In the 2010, William Ramzy Amui, aka Ramzy, the first runner-up in the first edition of the music reality show, Stars of the Future, was sentenced to 10 years in prison with hard labour by the Tema High Court, presided over by Justice Peter Offei. Ramzy and eight others pleaded guilty to the charges of conspiracy, armed robbery, and

 

 

dishonesty receiving under Article 29, Clause 146 of the criminal code. His counsel, Capt Nkrabea Effah-Darteh, was not in court on the day of sentencing. Prosecuting the case, the state attorney, Ms. Hilda Worwonyo, told the court that the complainant in the case, Mrs. Cynthia Koda, a Tema-based businesswoman, on January 23

 

 

2007, reported an armed robbery attack to the Tema Regional Police and according to Ms. Worwonyo, the complainant also said her 4×4 Toyota Hylander, with the registration number GT 6409X and an amount of GHS300, were taken from her at gunpoint at her shop in Community 11 the previous evening. He was released on December 29, 2017. Ramzy, who is now a minister of God, has songs like ‘Ekemi Ye’ and ‘Asumdwee’.

 

 

Kwabena Richard

 

 

Richard Kwabena, aka Shaka Zulu, then bouncer and a popular face on the television, was jailed in 2013 by an Accra High Court for robbery. Shaka Zulu was then sentenced by the Court, along with three others, to 30 years in prison each for robbery.
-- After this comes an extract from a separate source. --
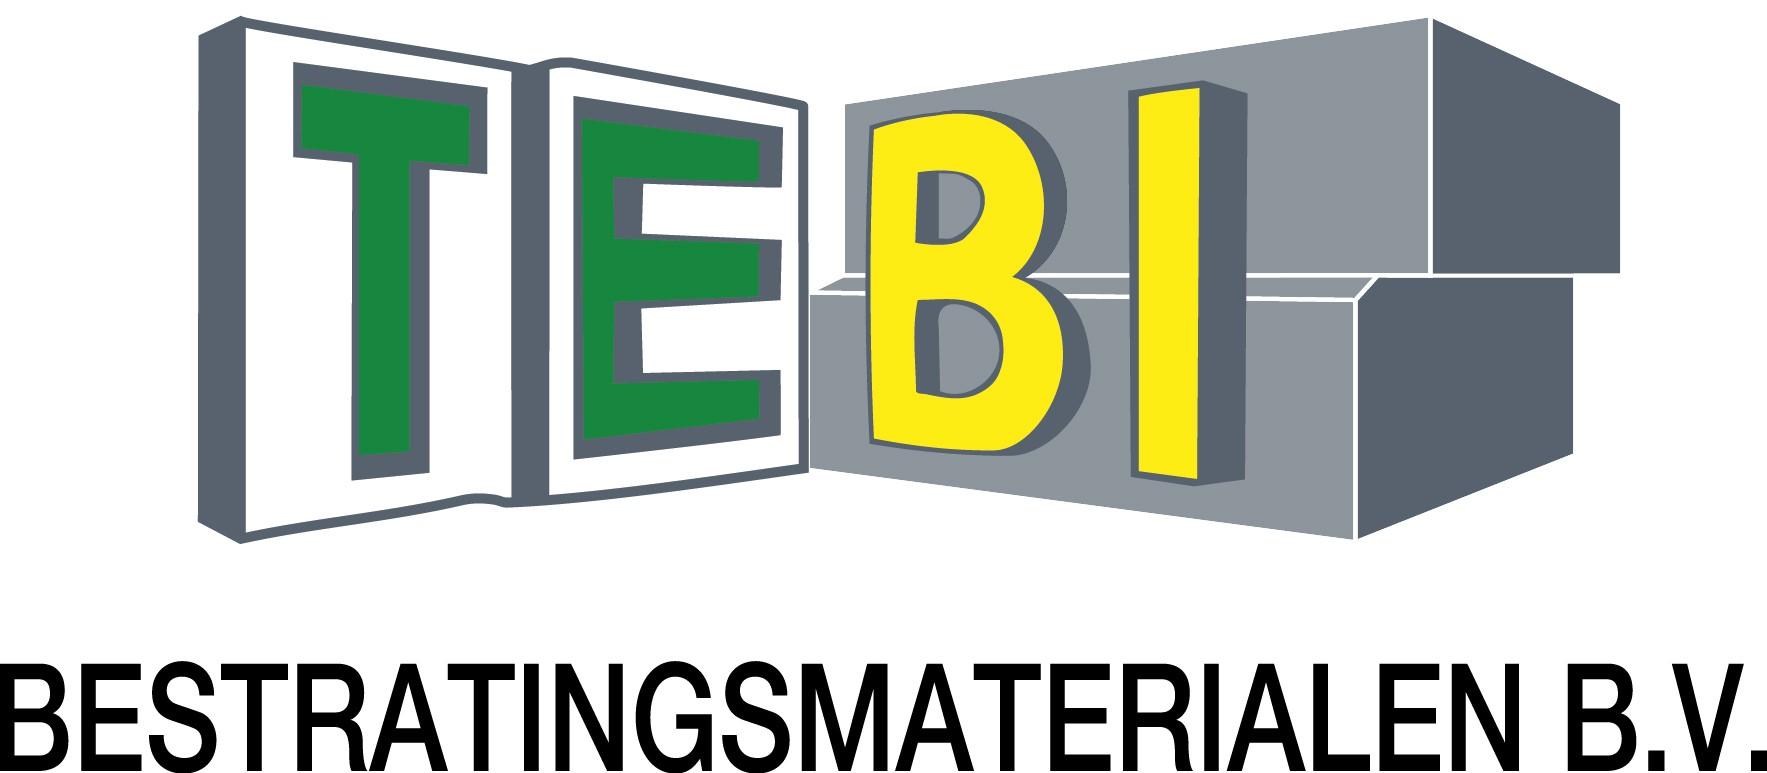 Tebi Bestratingsmaterialen B.V.

They were said to have violently robbed a businessman, Clever Omwarihiren, at gunpoint at the Baatsona on the Spintex Road in Accra.

 

 

Shaka Zulu and also his accomplices; Wise Gray, alias Biggie; Abass Baba, a trader and also Paul Owusu, alias School Fees, a draughtsman, were all found guilty and each handed 15 years for conspiracy to commit a crime and also 15 years each for robbery, after the trial judge, Justice Charles Quist, found them guilty of the offence.